Pokémon GO isn’t the first augmented reality experience, nor is it the most immersive, but it’s absolutely the most prolific. It has an astonishing user base, with around 20 million daily active users in the United States alone. By most estimates, the app has been downloaded more than 100 million times. It’s such a juggernaut that Niantic, the developer, has had to work overtime just to keep the servers up and running in the face of overwhelming and unprecedented demand. Pokémon GO, according to the Apple App Store, holds the record for most first-week downloads (which means it was more popular at launch than Flappy Bird!), but how can you leverage Pokémon GO Marketing?

By now, you’ll have seen dozens of articles explaining the app, discussing the reasons why it’s so compelling to play, or wondering what it portends for augmented reality in general. You’ll have seen it described as a movement, an experience, a subculture, or a sign of the times, but it’s also helpful to think of it as a tool. As a service, it links people from all over the world into a shared mode of activity, and it opens up several conduits for interaction with your customers. Consider the following Pokémon GO marketing tips and tricks to leverage Pokémon GO’s infrastructure to help grow your business.

Pokémon GO Marketing

1. Offer Charging Stations

This here’s the first and most obvious tip. Pokémon GO is a massive battery hog, and many phones will be completely drained after just a few hours of play. The magic of Pokémon GO comes from the immersive experience, and there’s nothing quite so jarring when playing the game as a low-battery warning. Keeping a few outlets free, or offering common USB charging cables to customers, can be a great way to bring customers in and make your business stand out.

2. Drop Lures

While this may not be a perfect option for every business, depending on location, check your area for Poké-Stops (in-game access points with real-world correlates). In most urban areas, Poké-Stops are abundant. You, and your employees, can try dropping lures onto local Poké-Stops to attract Pokémon and trainers alike. (And if nothing else, you might as well catch a few Pokémon while you’re working!) Take this Pokémon GO marketing idea a step further, put up signs and posters advertising when you’ll be dropping lures, and have some special offers to reward eager trainers.

3. Keep a List of Sightings

This Pokémon GO marketing tip is great for malls, promenades, or any business that hopes for a lot of foot traffic. Keep a list, like a poster, of which Pokémon have been commonly sighted inside, and encourage trainers to keep a lookout for rarer Pokémon while they shop.

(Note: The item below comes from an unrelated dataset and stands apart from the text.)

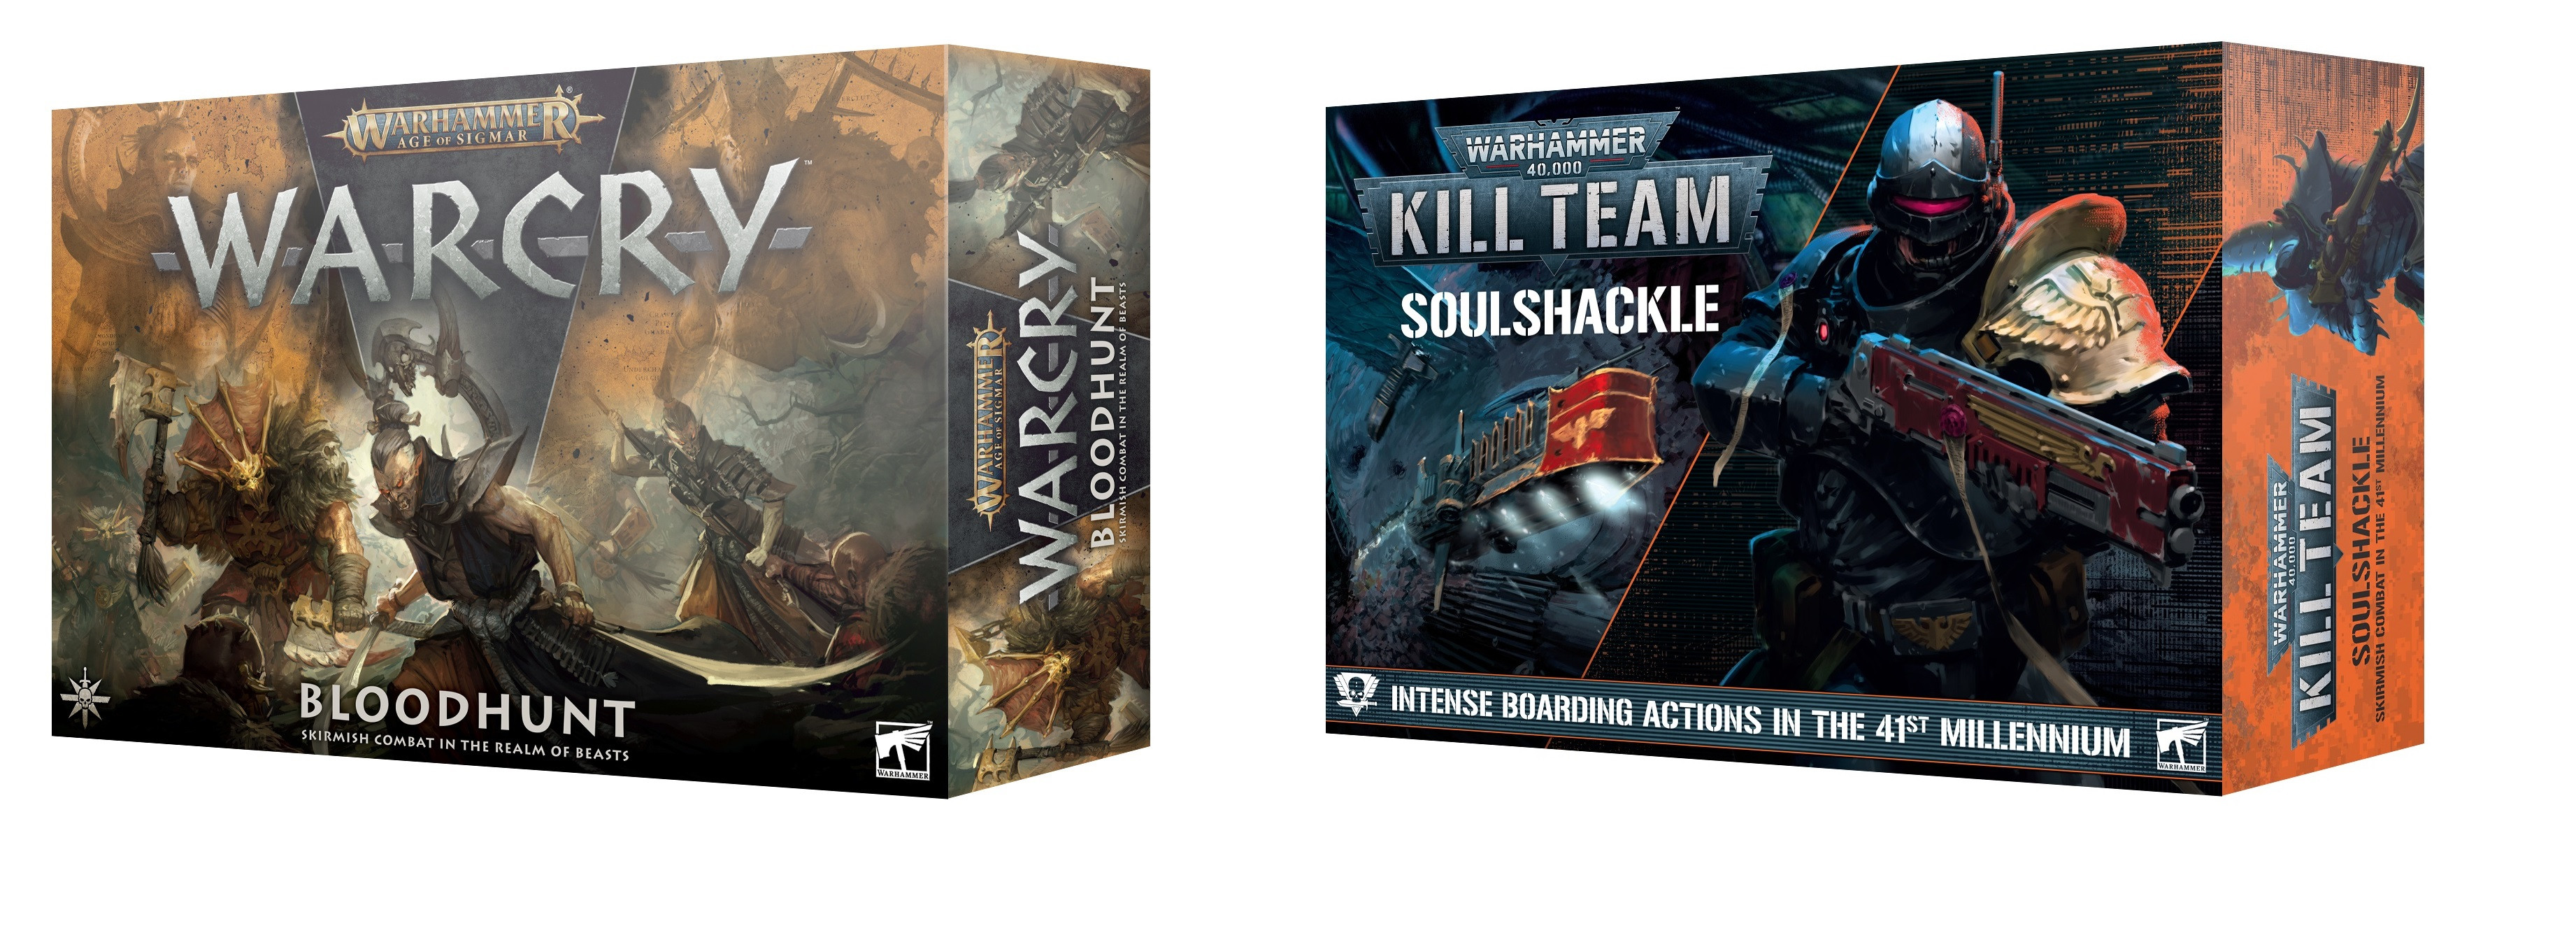 Warcry: Bloodhunt & Kill Team: Soulshackle

4. Encourage a Friendly Rivalry

Pokémon GO has three distinct teams for players to join: Instinct, Valor, or Mystic. Consider setting out three tip jars, each with a different sigil. Or keep a running tally of how many customers from each team have patronized your business on a blackboard behind the counter. You can even treat your business like an ad-hoc gym, offering discounts or promotional items to players from the team which is leading the numbers.

5. Host a Charity Drive

As in the previous tip, capitalize on the competitive nature of Pokémon GO, and host an event or fundraiser. Put up signs, make an open Facebook event, Tweet the date, and so on, and get customers in the door. Keep a running tally during the event of how much each of the three teams has donated, and offer some sort of prize for the winning team.

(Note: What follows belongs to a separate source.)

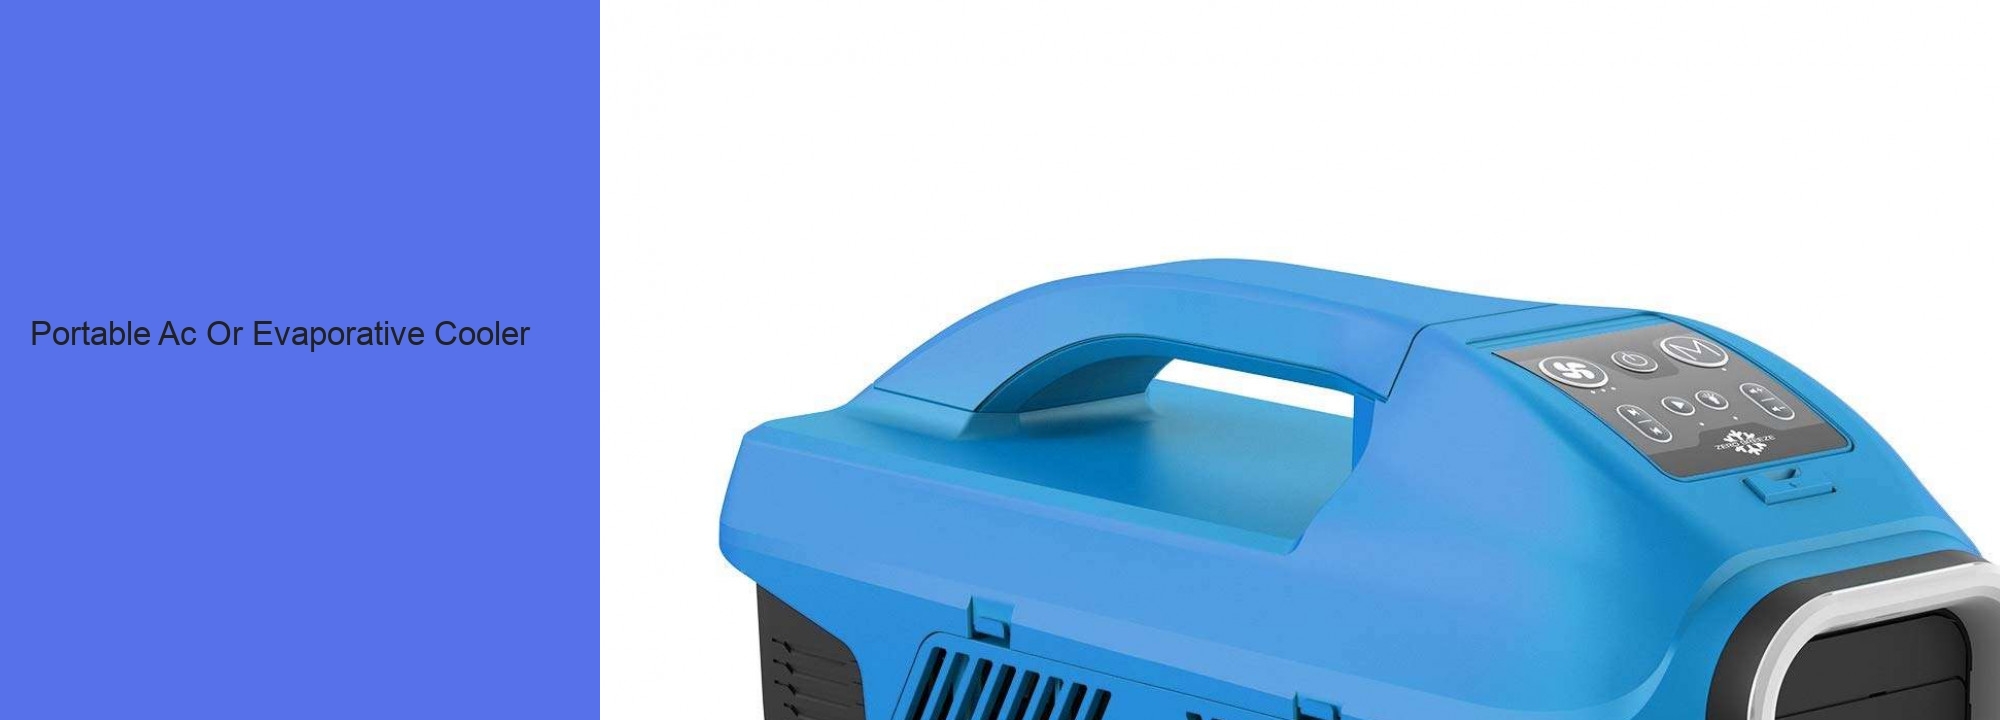 Portable Ac Or Evaporative Cooler

6. Entice Customers to Engage with Your Social Media Presence

One fan-favorite feature of Pokémon GO is the built-in camera during Pokémon encounters. This lets trainers take pictures of the Pokémon they find, superimposed over whatever real-world location they’re in. Some very clever juxtapositions and amusing coincidences have been making the rounds recently, but there’s still a lot of potential. Encourage customers to post screenshots of Pokémon near your storefront or inside your business to your Facebook or Twitter, incentivizing their participation with a reward for the cleverest image or for the rarest Pokémon.

7. Have a Sidewalk Sale

Since Trainers are already milling about looking for Poké-Stops, a sidewalk sale can be the perfect way to engage with them directly. It encourages people to walk rather than drive, so you’re going to be helping the environment, and by aligning yourself with Poké-Stops, you can predict the flow of customer traffic and design your booths accordingly. If some local businesses participate together, everyone benefits!

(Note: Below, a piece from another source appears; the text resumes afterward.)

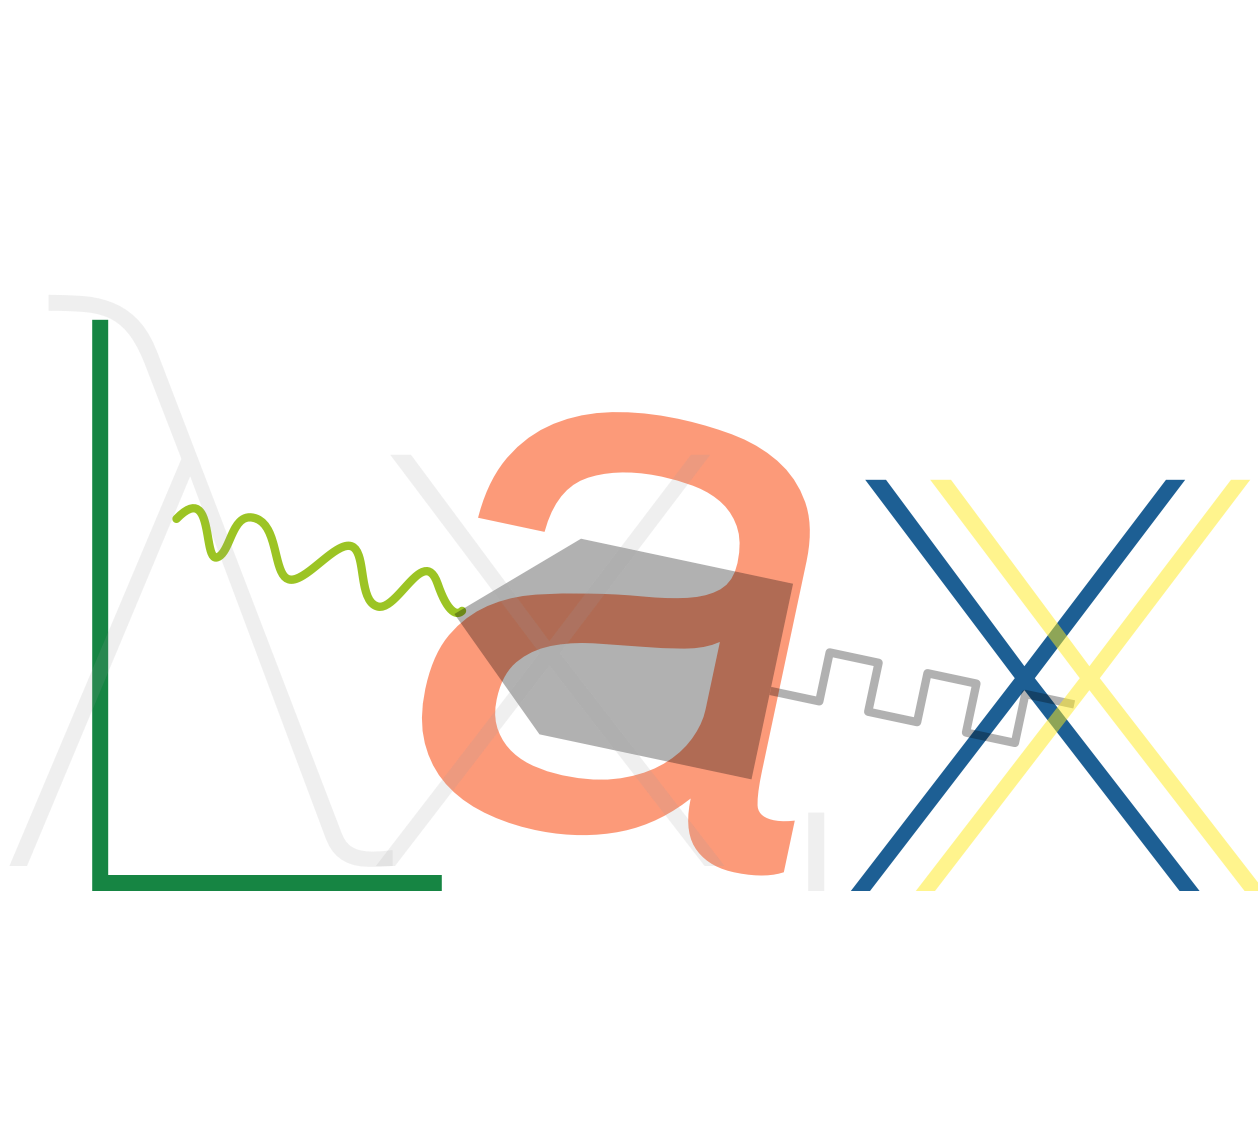 Lax-logo.png

8. Offer Rewards to Champion Trainers

Sure, different teams can dominate gyms, but there aren’t many ways for individual trainers to make a name for themselves. Your business can capitalize on this by offering rewards (say, a free dinner for two and a picture on the wall) to whoever can bring in the most powerful Pokémon or to whoever is the highest level trainer each month. It’ll bring trainers in, and the word-of-mouth publicity will be invaluable.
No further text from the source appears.